TRIM5α And TRIM22 are Differentially Regulated according To HIV-1 Infection Phase and Compartment.

Abstract

The antiviral role of TRIM E3 ligases in vivo is not fully understood. To test the hypothesis that TRIM5α and TRIM22 have differential transcriptional regulation and distinct anti-HIV roles according to infection phase and compartment, we measured TRIM5α, TRIM22 and type 1 interferon (IFN-1)-inducible MxA levels in peripheral blood mononuclear cells (PBMCs) during primary and chronic HIV-1 infection, and in matched PBMCs and central nervous system (CNS)-derived cells. Associations with biomarkers of disease progression were explored. The impact of IFN-1, select pro-inflammatory cytokines and HIV on TRIM E3 ligase-specific expression was investigated. PBMCs from individuals with primary and chronic HIV-1 infection had significantly higher levels of MxA and TRIM22 compared to HIV-1 negative PBMCs (P < 0.05, all comparisons). PBMCs from chronic infection had lower levels of TRIM5α compared to primary infection or HIV-1 uninfected (both P = 0.0001). In matched CNS-derived samples and PBMCs, higher levels of MxA (P = 0.001) and TRIM5α (P = 0.0001) were noted in the CNS. There was negative correlation between TRIM22 levels in PBMC and plasma viral load (r = −0.40, P = 0.04). In vitro, IFN-1 and rarely pro-inflammatory cytokines induced TRIM5α and TRIM22 in cell type-dependent manner and knockdown of either protein in CD4+ lymphocytes resulted in increased HIV-1 infection. These data suggest that there are infection-phase specific and anatomically compartmentalized differences in TRIM5α and TRIM22 regulation involving primarily IFN-1 and specific cell types, and indicate subtle differences in the antiviral role and transcriptional regulation of TRIM E3 ligases in vivo.

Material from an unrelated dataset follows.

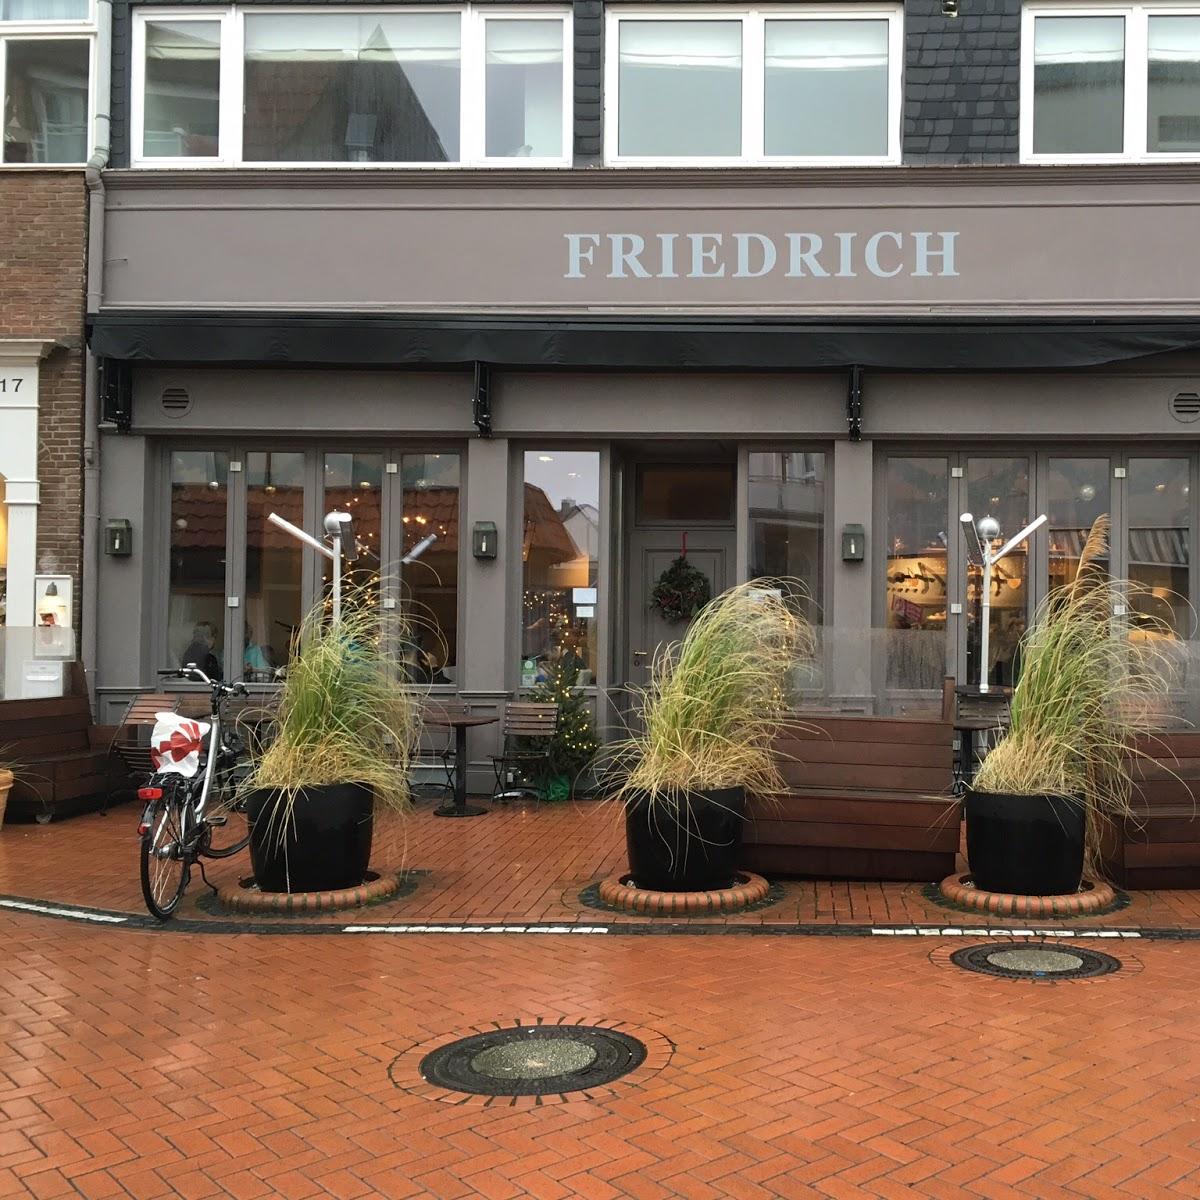 Restaurant "Friedrich" in Norderney

Importance Interferon type I-inducible TRIM E3 ligases are a family of intracellular proteins with potent antiviral activities mediated through diverse mechanisms. However, little is known about the contribution of these proteins to antiviral immunity in vivo and how their expression is regulated. We show here that TRIM5α and TRIM22, two prominent members of the family, have different expression patterns in vivo and that expression pattern depends on HIV-1 infection status and phase. Furthermore, expression differs in peripheral blood versus central nervous system anatomical sites of infection. Only TRIM22 expression correlates negatively with HIV-1 viral load but gene silencing of both proteins enhances HIV-1 infection of target cells. We report on subtle differences in TRIM5α and TRIM22 gene induction by IFN-1 and pro-inflammatory cytokines in CD4+ lymphocytes, monocytes and neuronal cells. This study enhances our understanding of antiviral immunity by intrinsic antiviral factors and how their expression is determined.